Fast Crash Recovery in RAMCloud (SOSP'11)

1. Problem

RAMCloud is a storage system helping developers manage large-scale DRAM storage, driven by the fact that large-scale Web applications need to cache large data in DRAM. (For example, Facebook cached 150TB DRAM in memcached out of 200TB of disk storage.)

In order to keep a high level of durability and availability without impacting system performance, RAMCloud has only one single copy of data in DRAM. The problem here is how to recover from crash within 1s~2s.

2. Challenges

Durability. RAM is lack of durability. Data is unavailable on crashed nodes.
Availability. How to recover as soon as possible?
- Synchronous disk writes too slow
Large scale. 10,000 nodes, 100TB to 1PB

3. Solution

For durability, keep a pervasive log structure. Even RAM is a log.
For availability, employ data parallelism and pipelining while backup data are distributed across a large number of secondary storage devices.

Architecture Overview

(Up to 100,000) application servers are connected to (up to 10,000) master/backup storage servers.

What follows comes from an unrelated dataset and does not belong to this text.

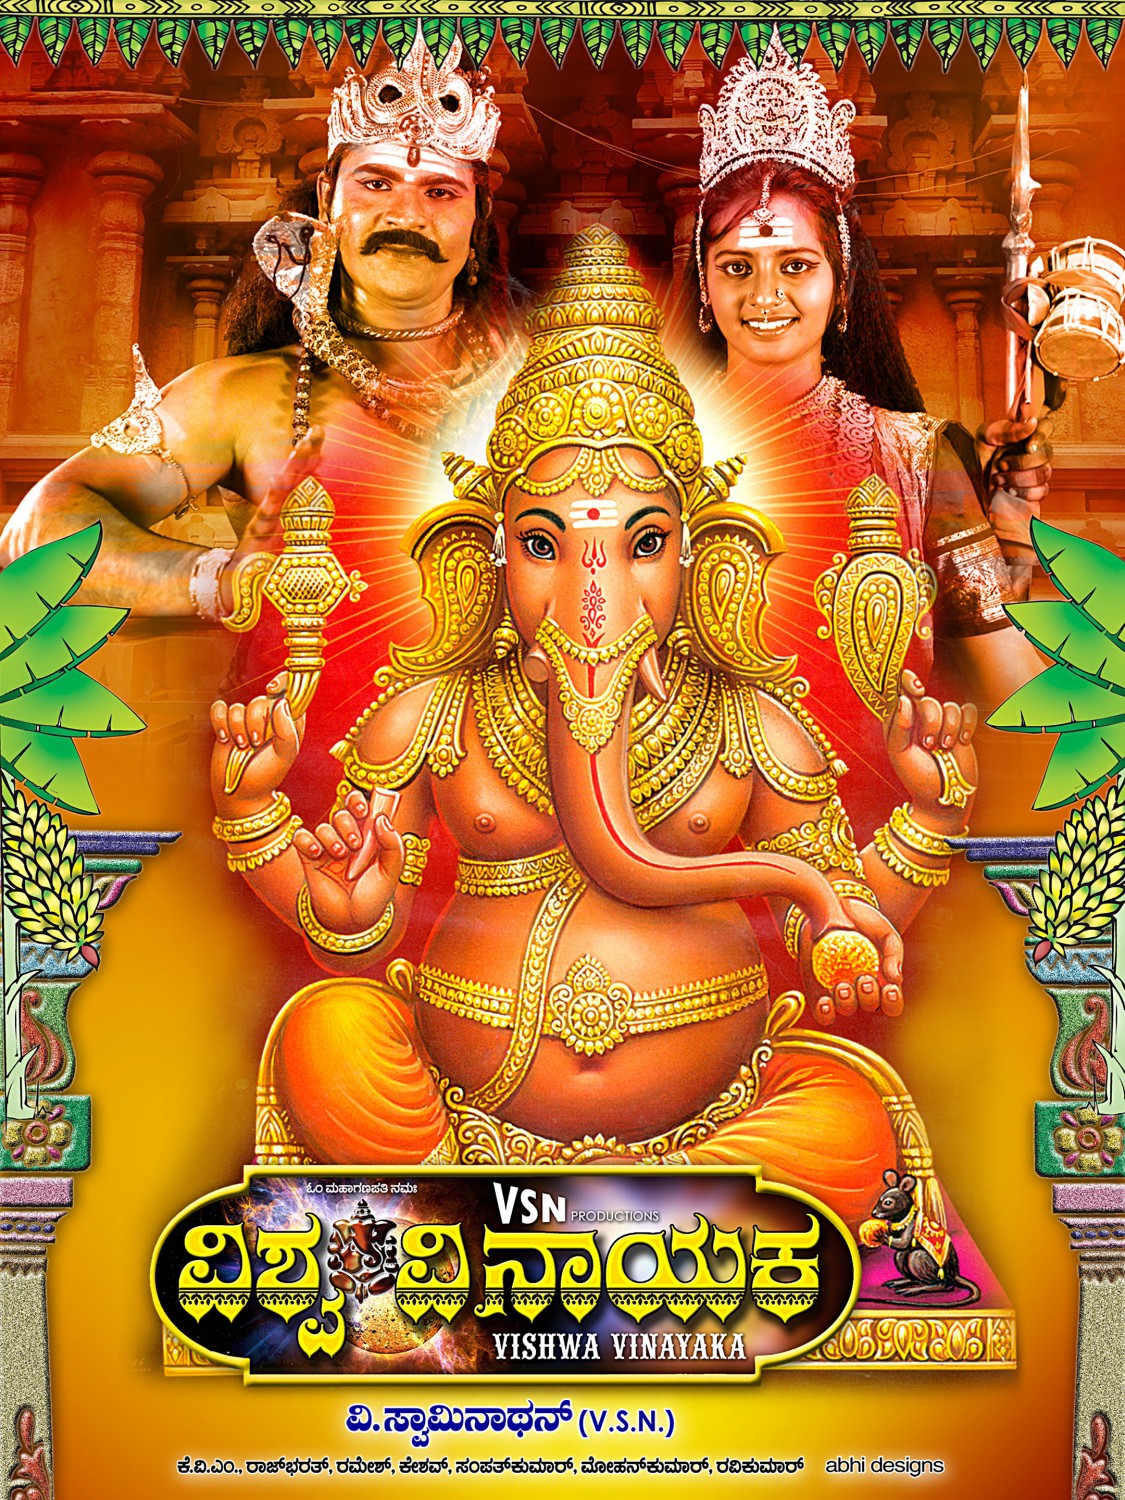 Extra Large Movie Poster Image for Vishwa Vinayaka (#5 of 7)
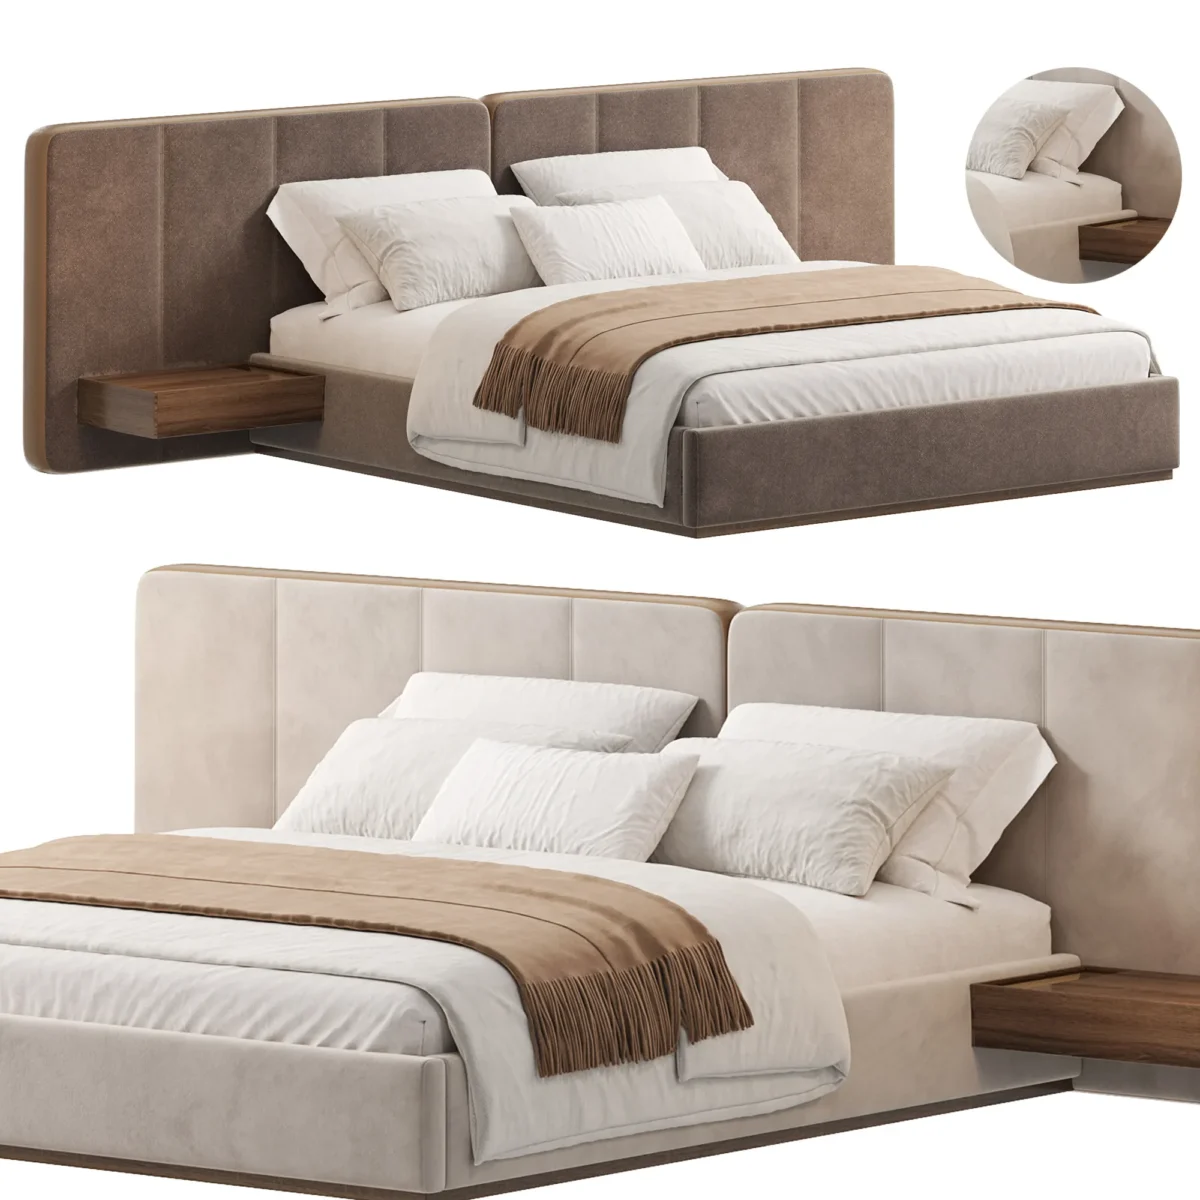 BONNIE Bed 3D model download on cg.market, 3ds max, Corona Render

Each storage server contains a master and a backup. Masters expose RAM as key-value store, while backups store data from other Masters. A central coordinator manages the server pool and tablet configuration.

When a master receives a write requests, it updates its in-memory log and forwards the new data to several backups, which buffer the data in their memory. Master maintains a hash table to record locations of data objects. The data is eventually written to disk or flash in large batches. Backups must use an auxiliary power source to ensure that buffers can be written to stable storage after a power failure.

When a master crashes, its in-memory log and hash table will be lost, but log data stored on disk on backups will survive.

How to recover? The crashed and restarted master replays log data into RAM and reconstruct the hash table.

How to recover with scale? Partition and scatter log data to more backups randomly. So backup data can be read in parallel.

How about the network bandwidth bottleneck of NIC on recovery master? More recovery masters are used and each master’s data are also partitioned. Before recovery, backups receive a partition list specifying which master should what part of data should be sent to.

What if one backup is slow and make the whole process slow? The master chooses candidate Backups randomly and selects the best one according to its locality, disk information, etc.

Performance: recovers 35GB to RAM in 1.6s using 60 nodes.

4. Conclusion

The authors use the log-structured storage instead of synchronous disk write to preserve durability. And the availability is achieved via data parallelism. The design harness the scale well and has exceptional performance.